Each individual would create a page on the Twitter like system and as a minimum it would include required personal information, medical history, insurance provider, policy level, and primary physician. The individual would log of any medical information they feel is pertinent to their health, such as weight, blood pressure, symptoms, blood sugar, health concerns, etc. An interface for health monitoring devices would be included.


The medical ebay like system would interface with the Facebook like system to pull all items from the medical database offered by physicians (with pricing). Suppliers of medial products, drugs and services that aren't physicians would enter their items directly to the medical Ebay system. This would become the "market" for all items covered by all levels of health insurance. Additional items not covered by insurance that relate to healthcare could also be included. The system would provide search and feedback components similar to Ebay.


The system would accommodate purchasing, setting appointments, requesting additional information from the provider, electronic prescriptions, and maintaining a purchase history for each individual. Purchases covered by insurance would be tracked and billed to the insurance provider. Covered items that cost more the "standard cost" stated in the medical database would have the "excess" billed directly to the individuals healthcare account. Items that cost less would have the difference added to the individuals account as an incentive to use less costly items.
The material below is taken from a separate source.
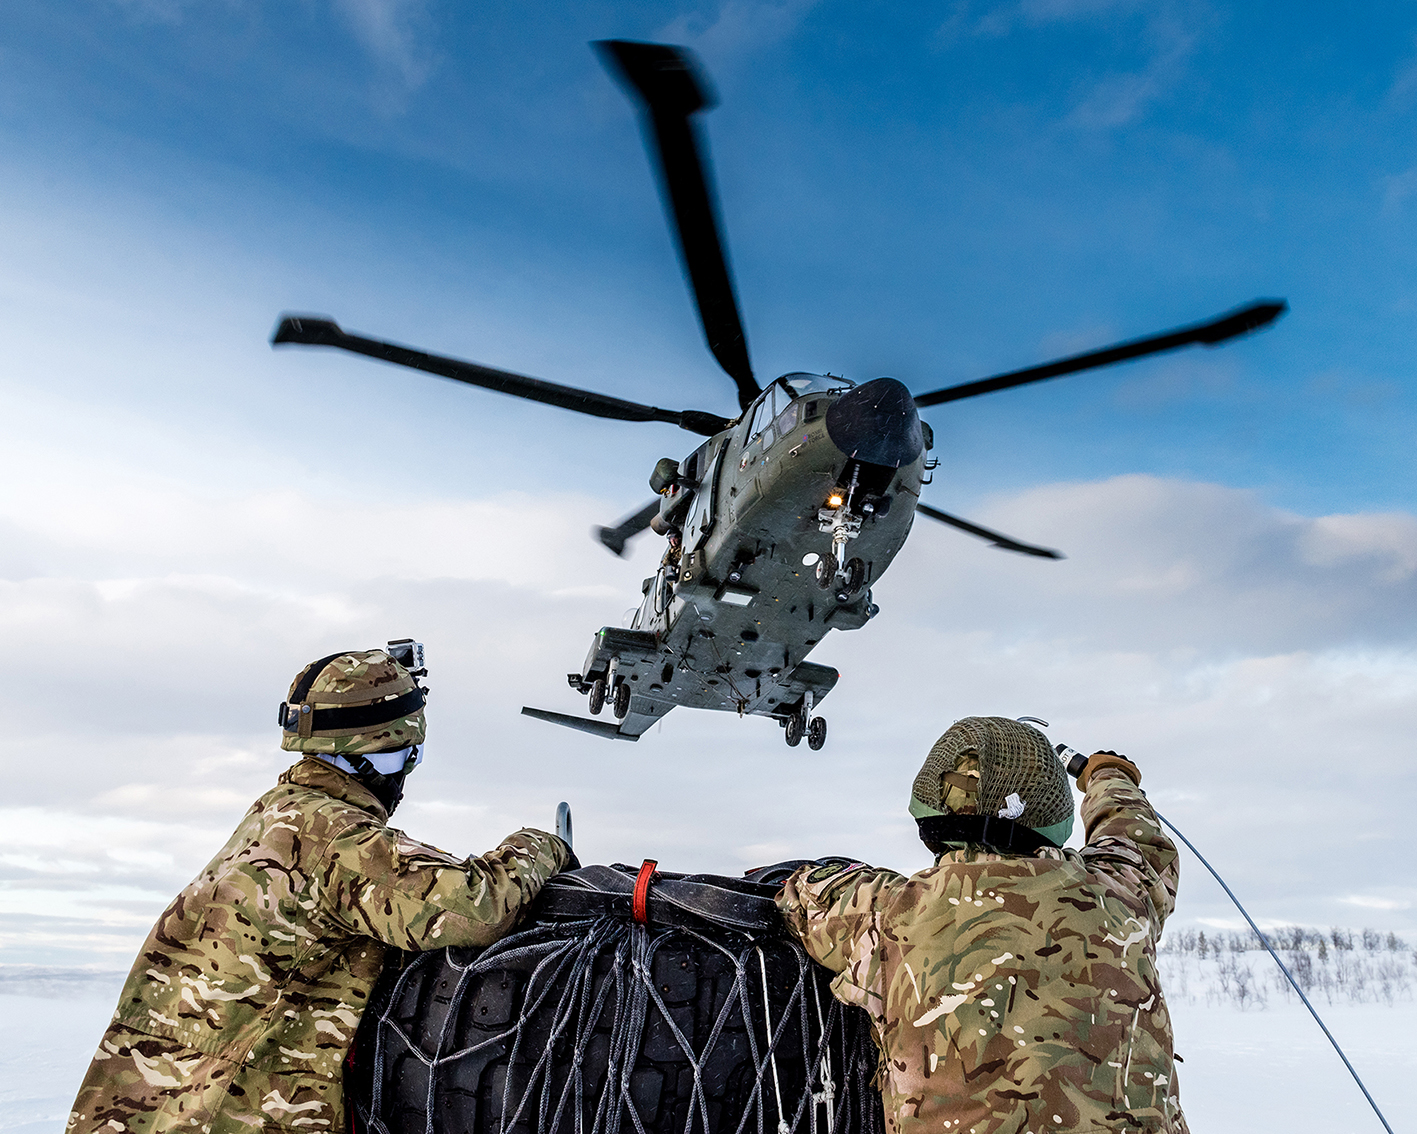 Image shows aviators tending to cargo load with helicopter taking off in snowy environment.

Insurance companies would be sent a detailed bill monthly for each individual showing the covered items , standard costs, amounts due, and current lifetime balance.


6) A way to manage entitlements by federal and/or state governments.


EXAMPLE: The government sets a lifetime healthcare credit balance in an account for each citizen. This account can be used to make monthly insurance payments and/or pay for medical services, products, or drugs directly. Government can offer incentives to increase the balance in the account for actions that "promote the general healthcare" such as registering as an organ donor.


7) A transition plan for existing healthcare systems.


Existing insurance policies would be rewritten within the existing framework and a nationwide enrollment undertaken. Individuals with employee provided healthcare would be given a credit for an amount equal to the current benefit paid by their employer. This amount would be applied to the individuals account each month as long as the individual remains employed by the company.


During the transition, the initial amount put in the account for each individual would be set by the Health Board according to age. Modifications to this amount may be made for groups being changed over from existing government plans (VA, Medicare, Medicaid).


This transition could also be implemented on a voluntary basis by individual.


8) The ability to support patients, providers, and governments worldwide.